Nancy Hook thinks such distinctions are silly. If she wanted to, she said scornfully to me, she could train her daughter's Chihuahua, Pip, to find bodies.  [...and...] Pip could get into small spaces, unlike Solo, who is huge and clumsy.
National Institute of Justice researcher Lester Shubin wrote of his research on bomb sniffing, We learned that basically any dog could find explosives or drugs, even very small dogs like Chihuahuas whose size could be an advantage," Shubin wrote in the NIJ reports. "Who is going to look twice at someone in a fur coat carrying a dog? But that dog could smell a bomb as well as the German shepherd."

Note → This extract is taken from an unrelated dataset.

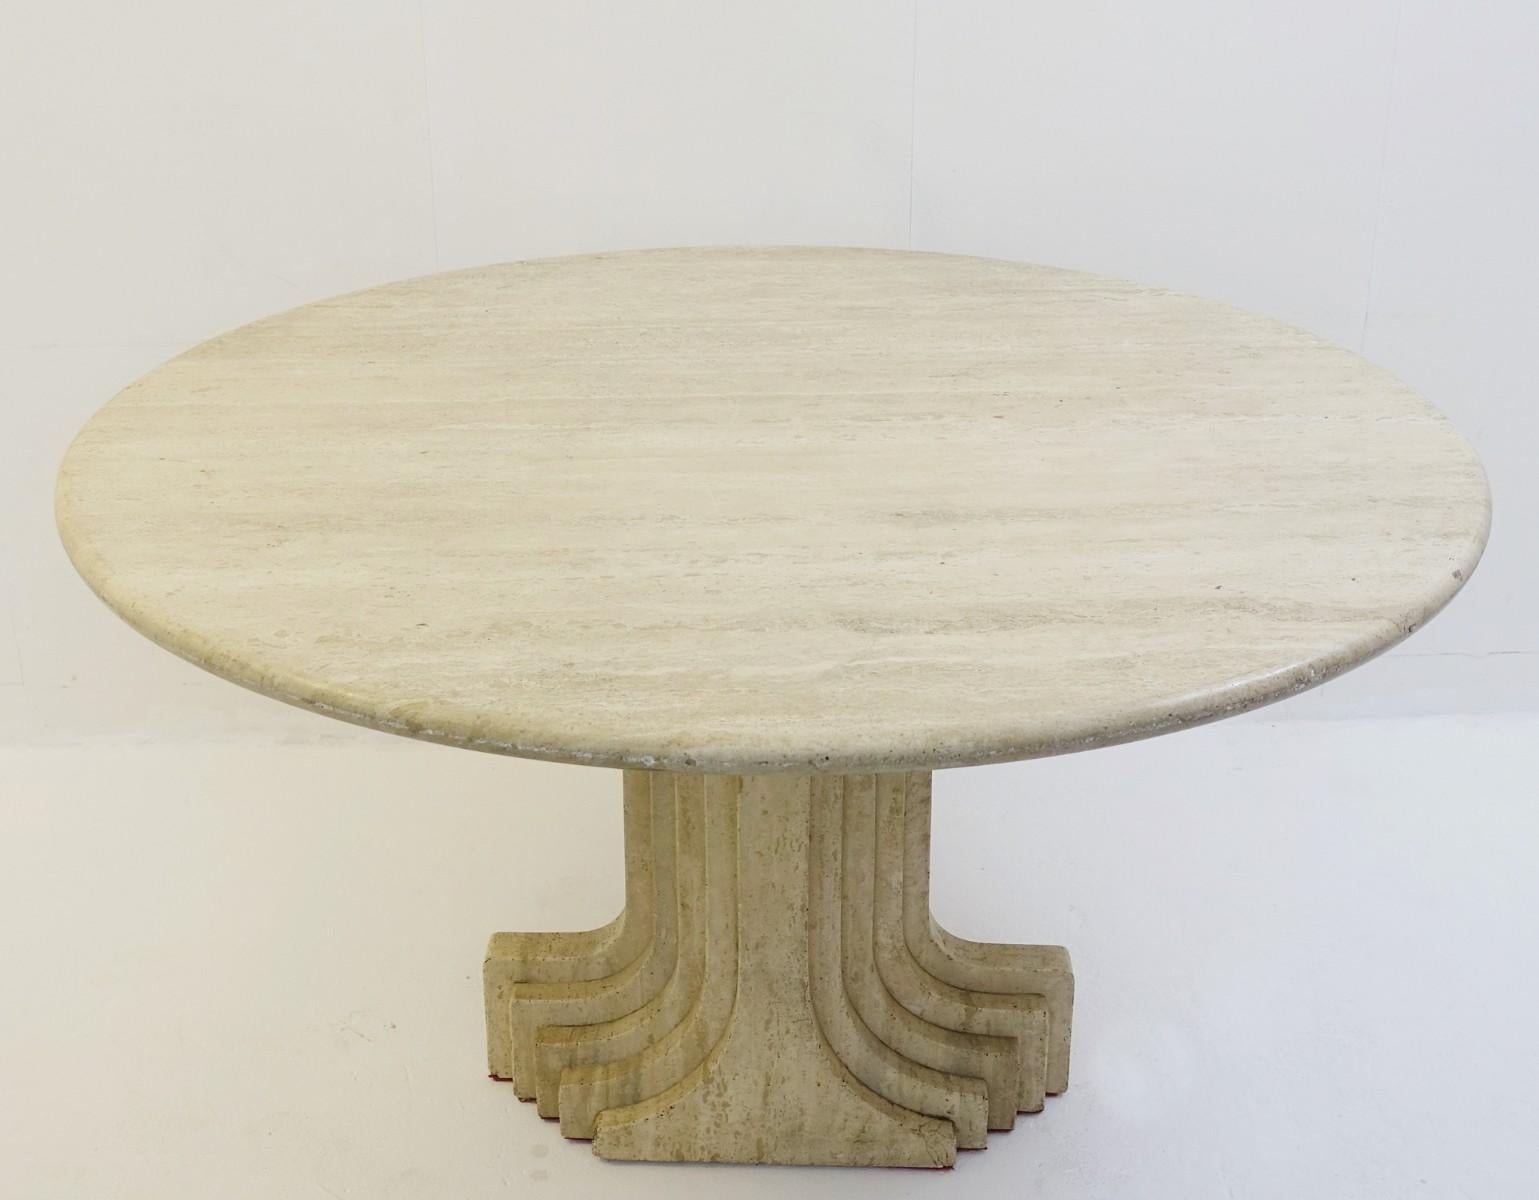 Round dining table by Carlo Scarpa, Italy, 1970s.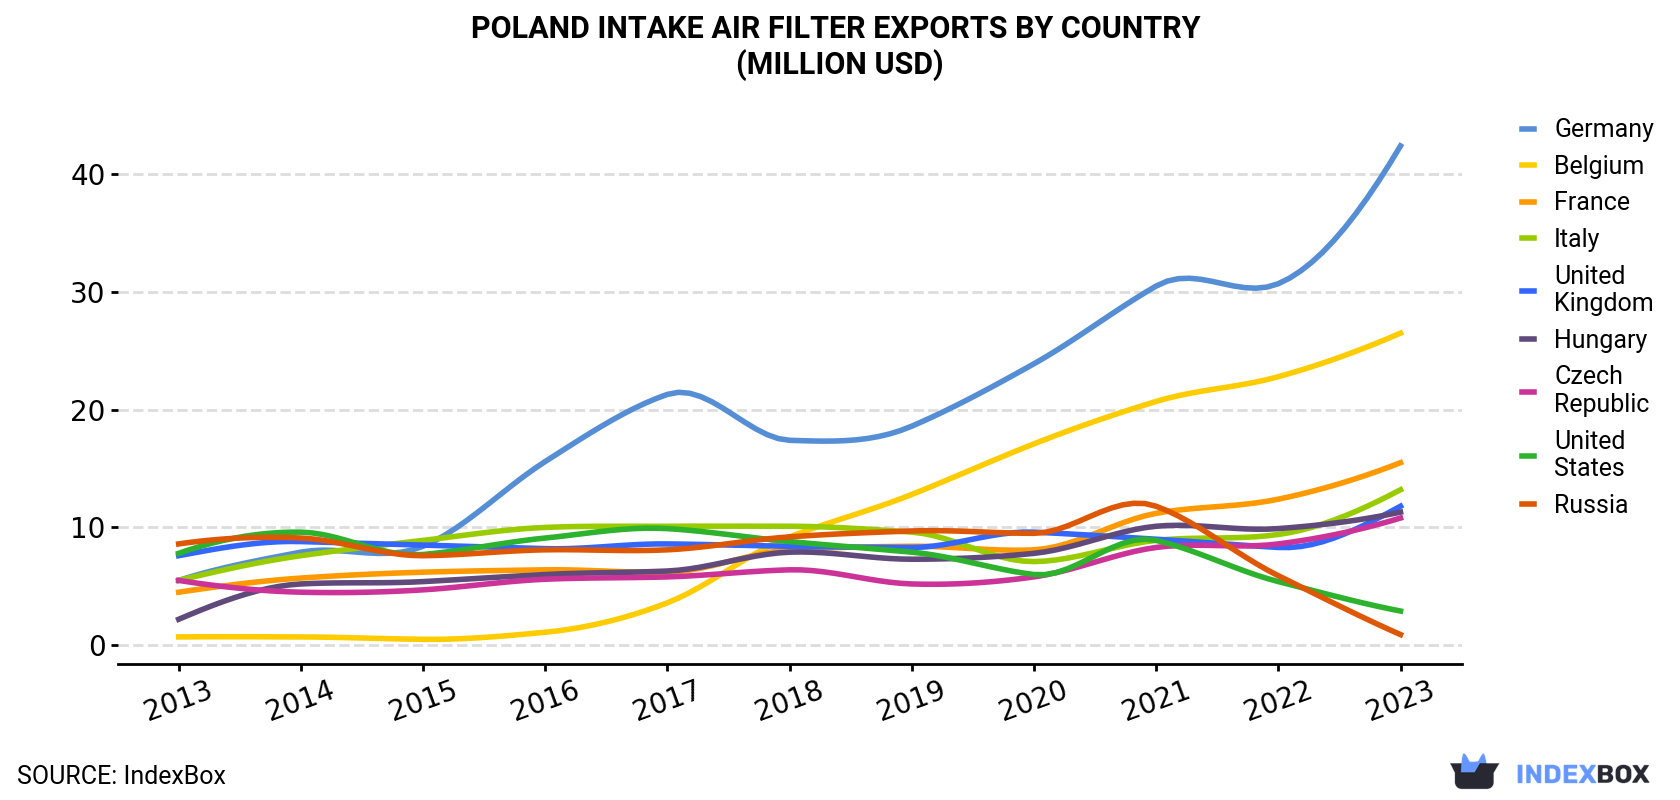 Poland Intake Air Filter Exports By Country (Million USD)

But human beings, unlike dogs, aren't perfect. In a later chapter she discusses the human tendency to exaggerate, over-promise, and hate to fail which leads into deception and deceit.
When handlers lie about or exaggerate their dogs' capabilities under oath, it poisons the well for handler testimony and the credibility of the dog's nose.
[from Roger Titus, vice president of the National Police Bloodhound Association] What undermines the work are the lies he hears in training and on the witness stand. The stories can become albatrosses around the necks of conscientious trainers and handlers. "On occasion, it has become outrageous," Roger said of handlers' claims. "Four months old? Impossible. People who put trails out in January to run in May are full of it."
The danger signals are clear, Roger said. "It's the handler who wants to be a legend in his own mind."
She goes on to tell the story of Keith Pikett, a former Texas sheriff's deputy, whose "claims about his bloodhounds' scenting abilities resulted in what the Texas Innocence Project told the New York Times amounts to fifteen to twenty people in prison "based on virtually nothing but Pikett's testimony."  Of the thousands of people he helped put in prison with his deliberately faked "scent lineups,"  case after case of people have eventually been dismissed based on DNA evidence or simple common sense.
Texas Monthly Article Weird Science.